▶ [Task details] Reproduce the data below word for word, setting aside any picture it holds.
*** Opening of Source material ***
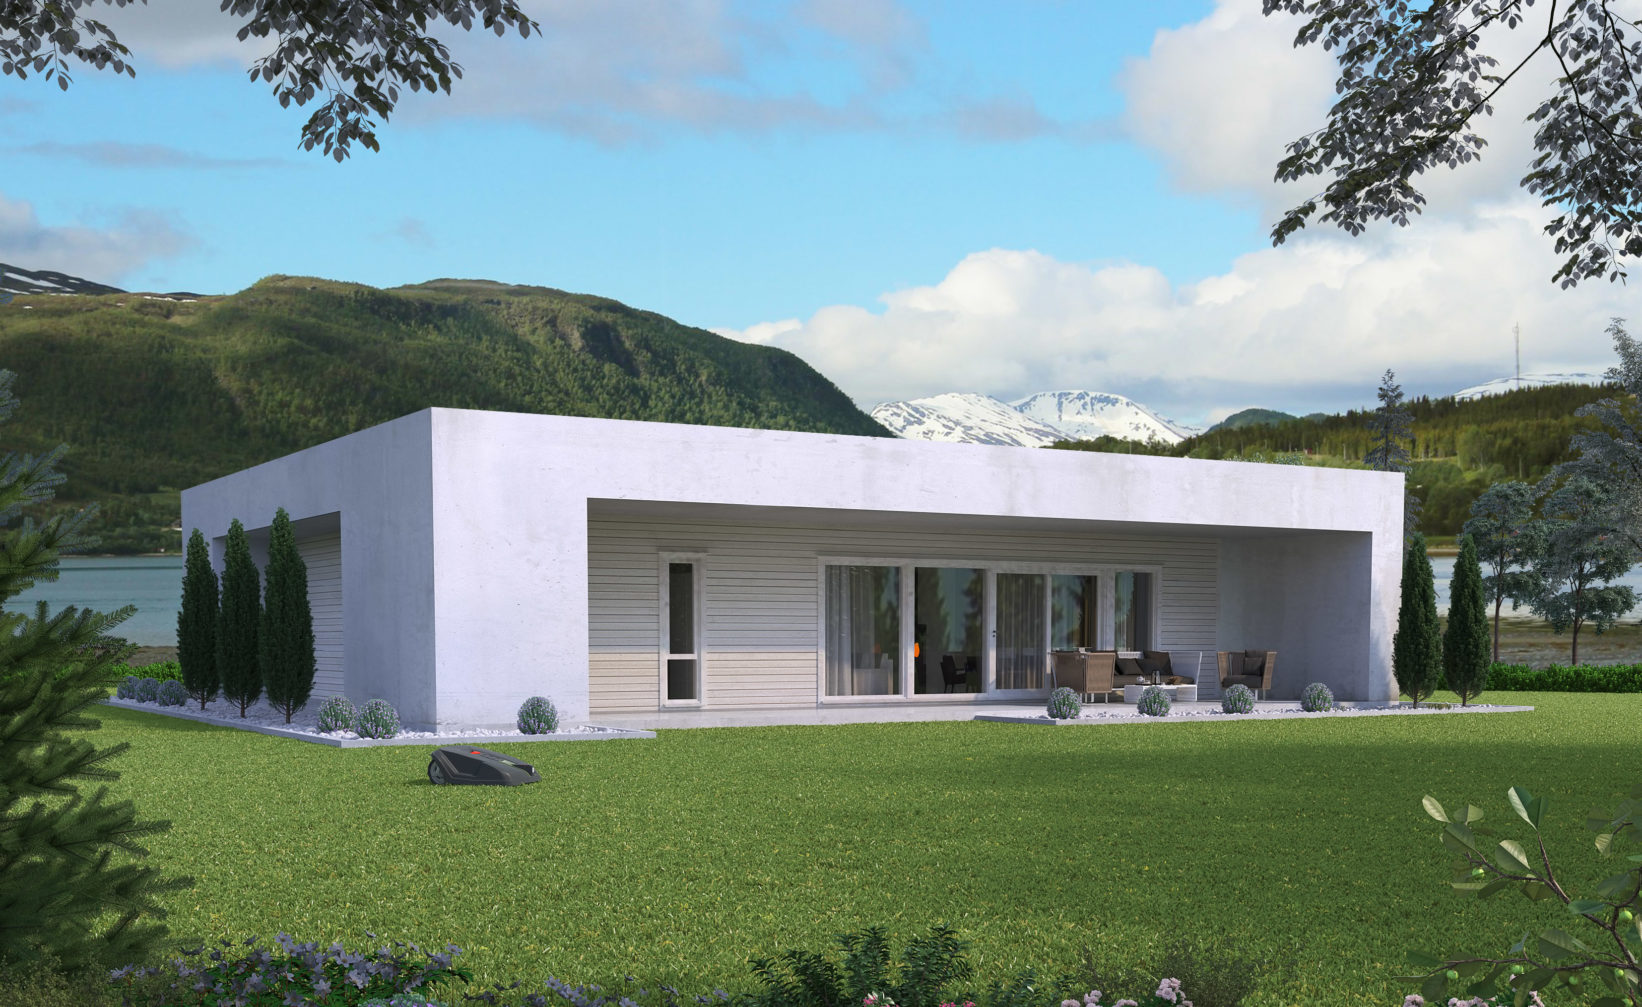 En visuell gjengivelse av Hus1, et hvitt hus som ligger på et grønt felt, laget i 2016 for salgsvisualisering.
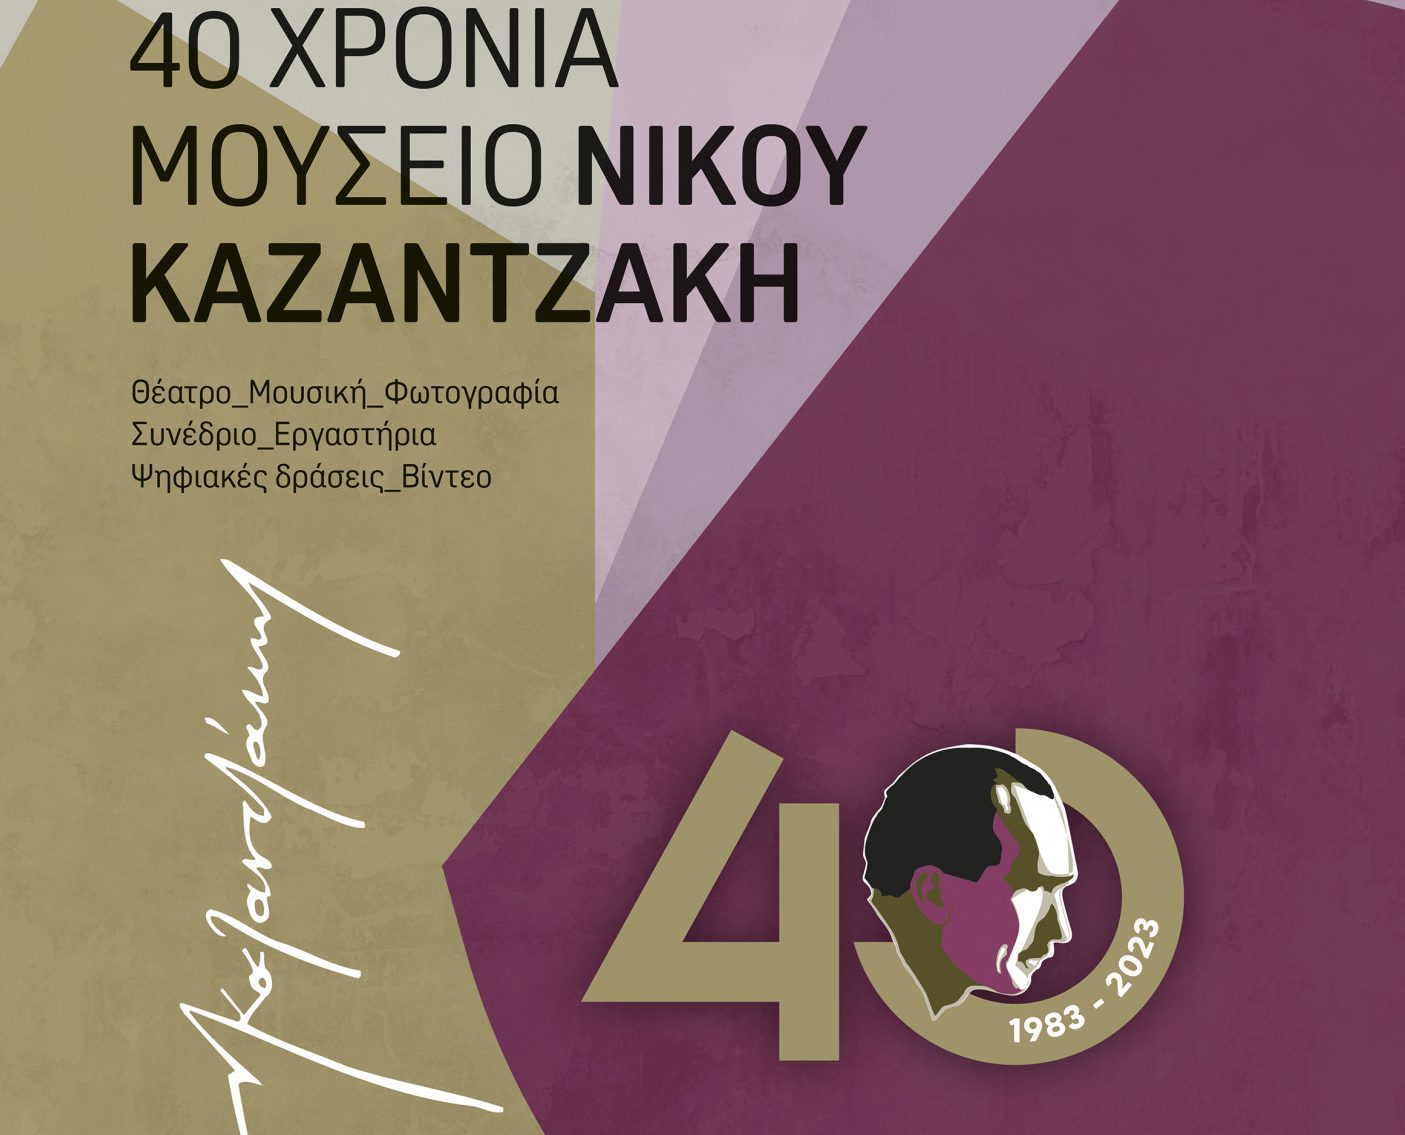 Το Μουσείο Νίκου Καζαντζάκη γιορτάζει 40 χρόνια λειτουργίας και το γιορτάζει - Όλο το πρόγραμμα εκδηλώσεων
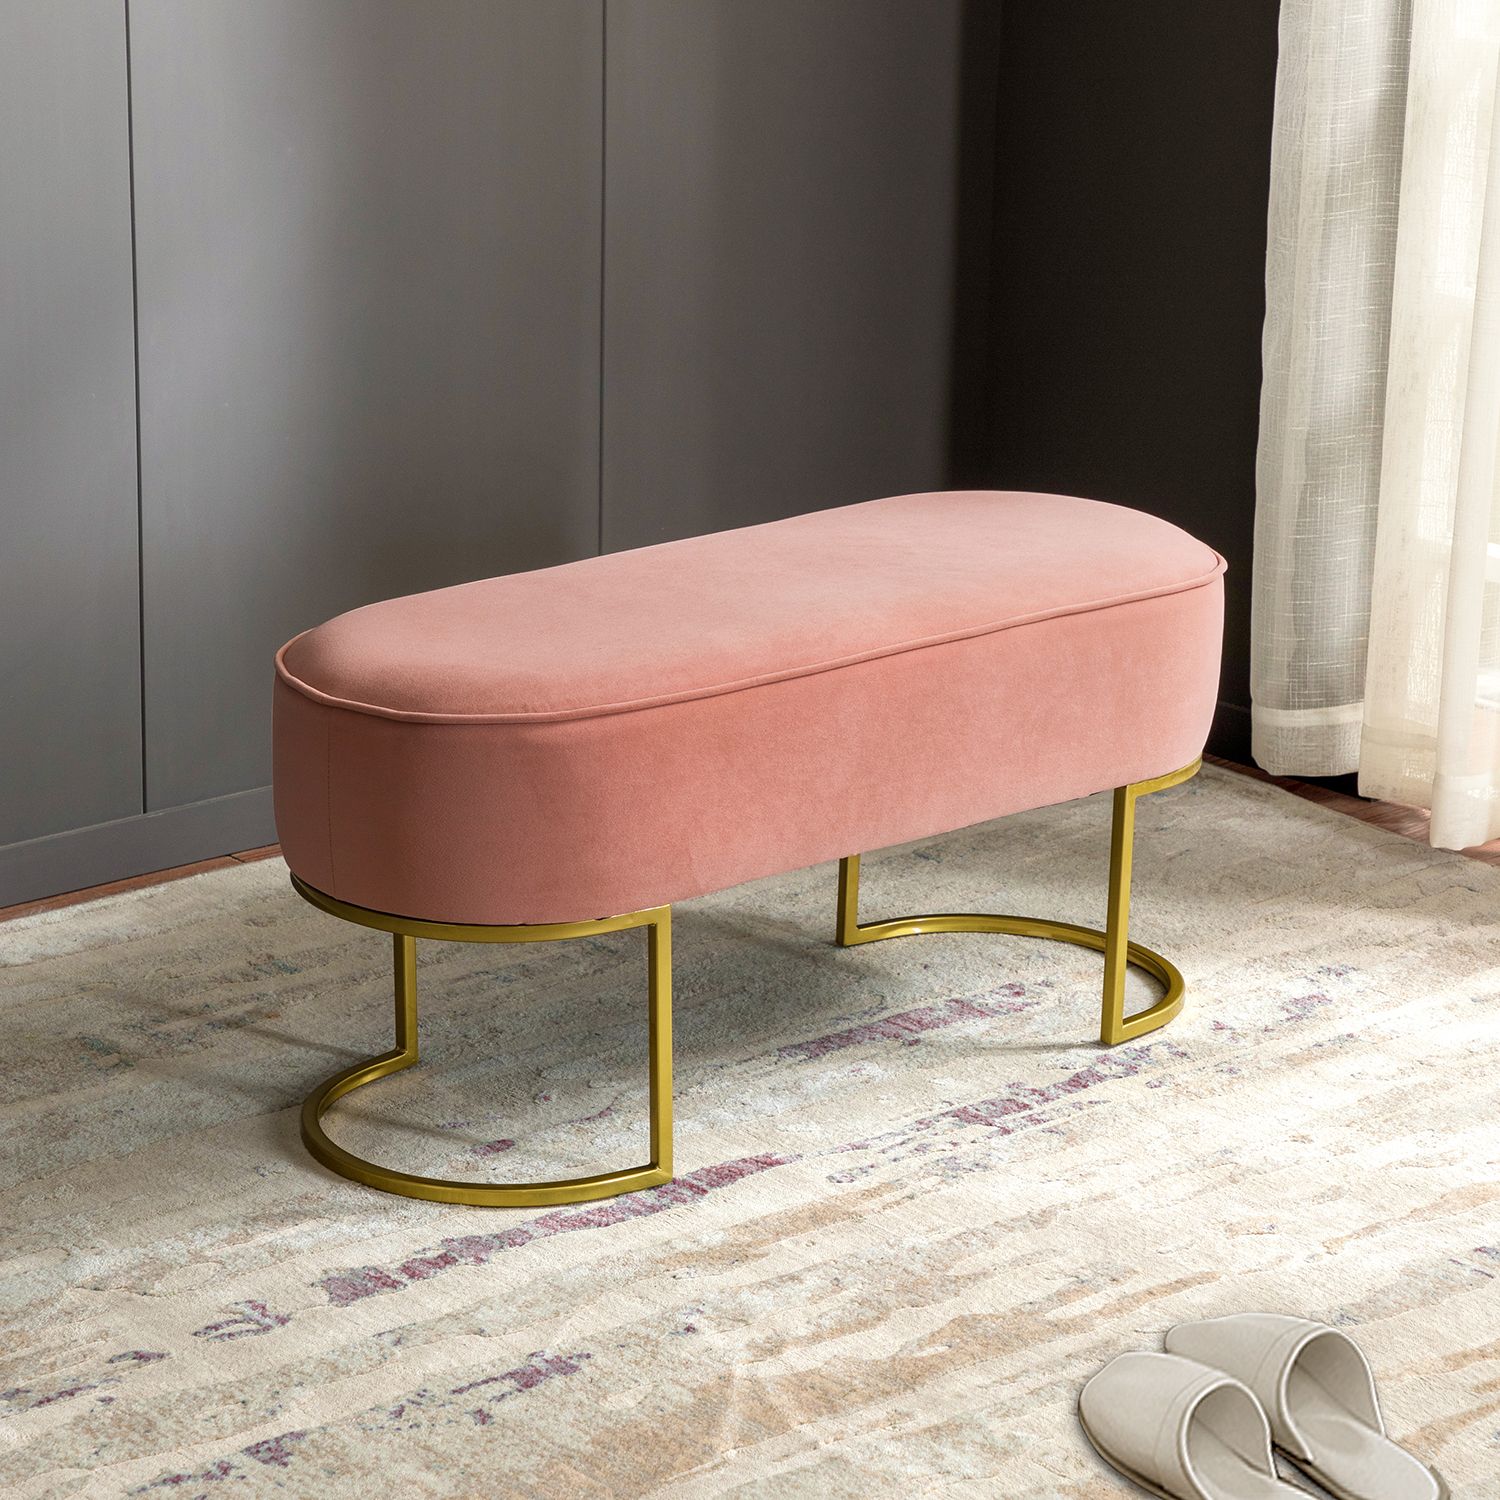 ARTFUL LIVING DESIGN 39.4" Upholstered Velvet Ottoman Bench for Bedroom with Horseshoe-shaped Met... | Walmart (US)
*** Close of Source material ***
▶ [Solved problem]
 En visuell gjengivelse av Hus1, et hvitt hus som ligger på et grønt felt, laget i 2016 for salgsvisualisering.
 Το Μουσείο Νίκου Καζαντζάκη γιορτάζει 40 χρόνια λειτουργίας και το γιορτάζει - Όλο το πρόγραμμα εκδηλώσεων
 ARTFUL LIVING DESIGN 39.4" Upholstered Velvet Ottoman Bench for Bedroom with Horseshoe-shaped Met... | Walmart (US)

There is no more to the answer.